Ahoy fellow fathomers, it's been a long time since I had a personal entry in my blog, but, I've been doing some thinking and decided to get back on the blogging horse. So, last night, I'm watching Bridget Jones's Baby, the final installment of my favorite of all time movies series. There's just something about Bridget I identify with. Maybe it's the awkward, self-conscious part of me I will never shake. And, I'm okay with it. I need an element to keep me from getting too stagnant and comfortable with life. You know, that inner voice driving me forward, keeping me going and never giving up. Life is a marathon, not a sprint.
As a singleton, I looked to romance movies as an escape, a way to fantasize about my own Mr. Right. And, in that first movie, oh Lord, Colin Firth took my breath away. Mr. Mark Darcy, the Barrister with an impeccable swagger and captivating all business- with a sexy undertone- voice. There's no way he could fake the entire role. There's bits of him imbedded in the sexy fictional man. Mr. Darcy has been uptight all his life, and you can just see him splitting at the seams to release his passion. Passion I don't believe he even knew he possessed until he saw Bridget, I mean really saw Bridget. What better person to facilitate than the eccentric Bridget Jones? "I like you very much...just the way you are." Watch this clip showing the progression from uncertain to infatuation. Bridget Jones I like You Just As You Are
What better way to start a love affair?
When someone tells you the whole of you is what they like it is universally huge. In most cases, honestly liking someone is better than loving them. WHY- Because, in some instances, we are almost "obligated" to love. Like the obnoxious sibling, aunt, uncle, fill-in-the-blank, we love them, but, we may not like them. There's a distinct difference. When a significant other likes you as much or more than they love you, that's where we have the relationship lightbulb moment. The foundation of friendship, teamwork, companionship, loyalty, empathy, and kindness go such a long way in actually
liking a person. How many couples can say they failed, but, still loved each other yet didn't know how to make it work? Maybe they didn't like each other as much?
When Mr. Darcy looks at Bridget, the fondness and interest are visibly moving. She's simply being herself, nothing more-nothing less, and he's captivated. Damn, it's sexy, and also inspiring. At the end of the movie, he doesn't care she's written insulting gibberish, he buys her a new diary to begin again--beginning again in a new life with him. A new love filled journey, proving he can kiss better than any bad boy out there.
You know, maybe someone would look at me that way. Being myself, hair up in a messy ponytail, spilling something/anything on my clothes, tripping over air, snoring in the early morning, forgetting my own name, snorting when I laugh at something so ridiculous it should be embarrassing (but, to me it isn't embarrassing- it's hilarious)

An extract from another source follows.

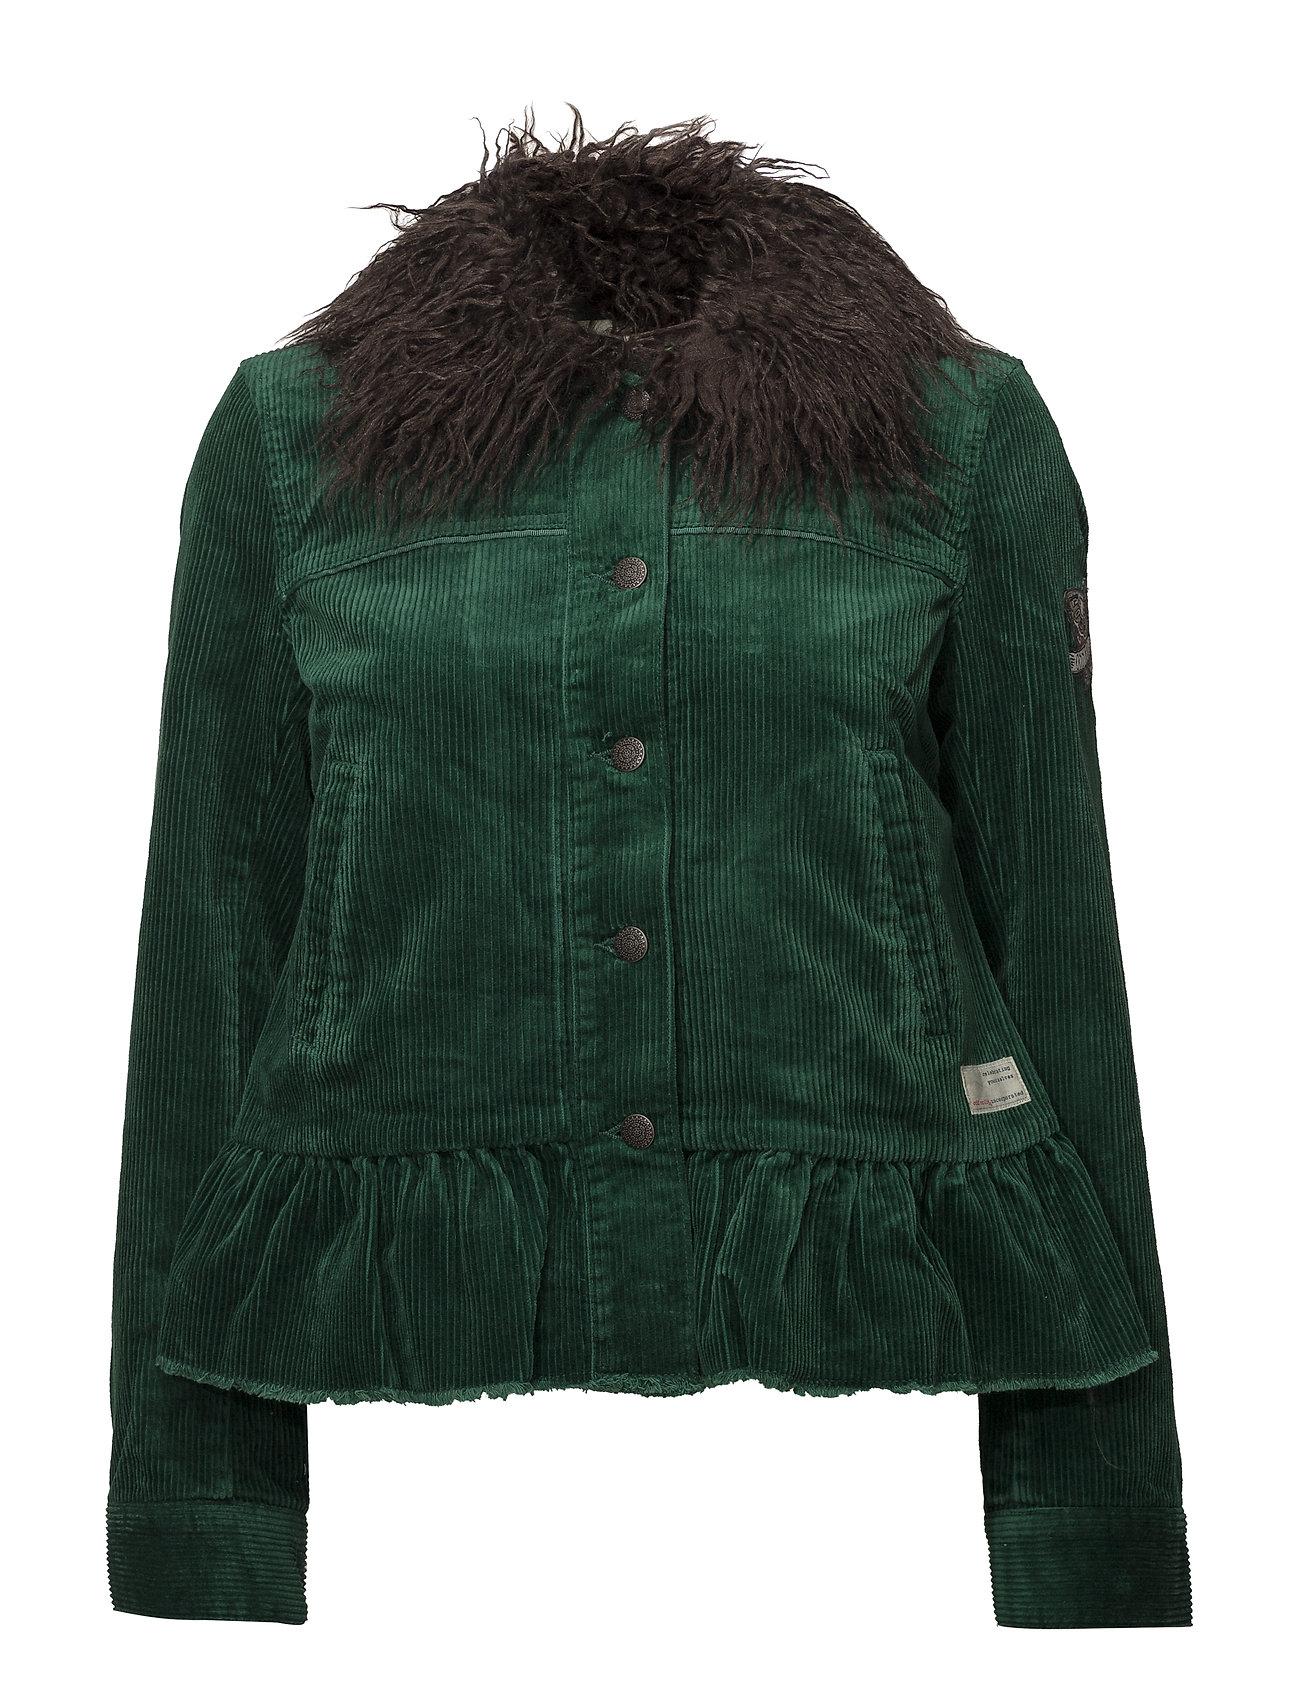 ODD MOLLY sincerely jacket

Being me, with my insane addiction to buying mistint paint at the local Lowe's. (It's a real thing I possess an addiction)
Being me, drinking too much wine on a random Tuesday just because.
Being me, with my aches, pains, wobbly bits, and developing wrinkles.
Being me, spouting random bits of information that seem to come from out of nowhere. (my brain is routinely the space from nowhere-a black hole of lunacy)
Being me, surrounded by my own second hand embarrassment. (the kind other people wince while watching me seemingly fail miserably at confident poise)
Being me, becoming the object of affection of someone bright, creative, intelligent, loyal, handsome, witty, and supportive. (Yeah, THAT! I've dreamt of that man forever i think.)
For those reasons, I love Mr. Mark Darcy. I hope I have my own someday.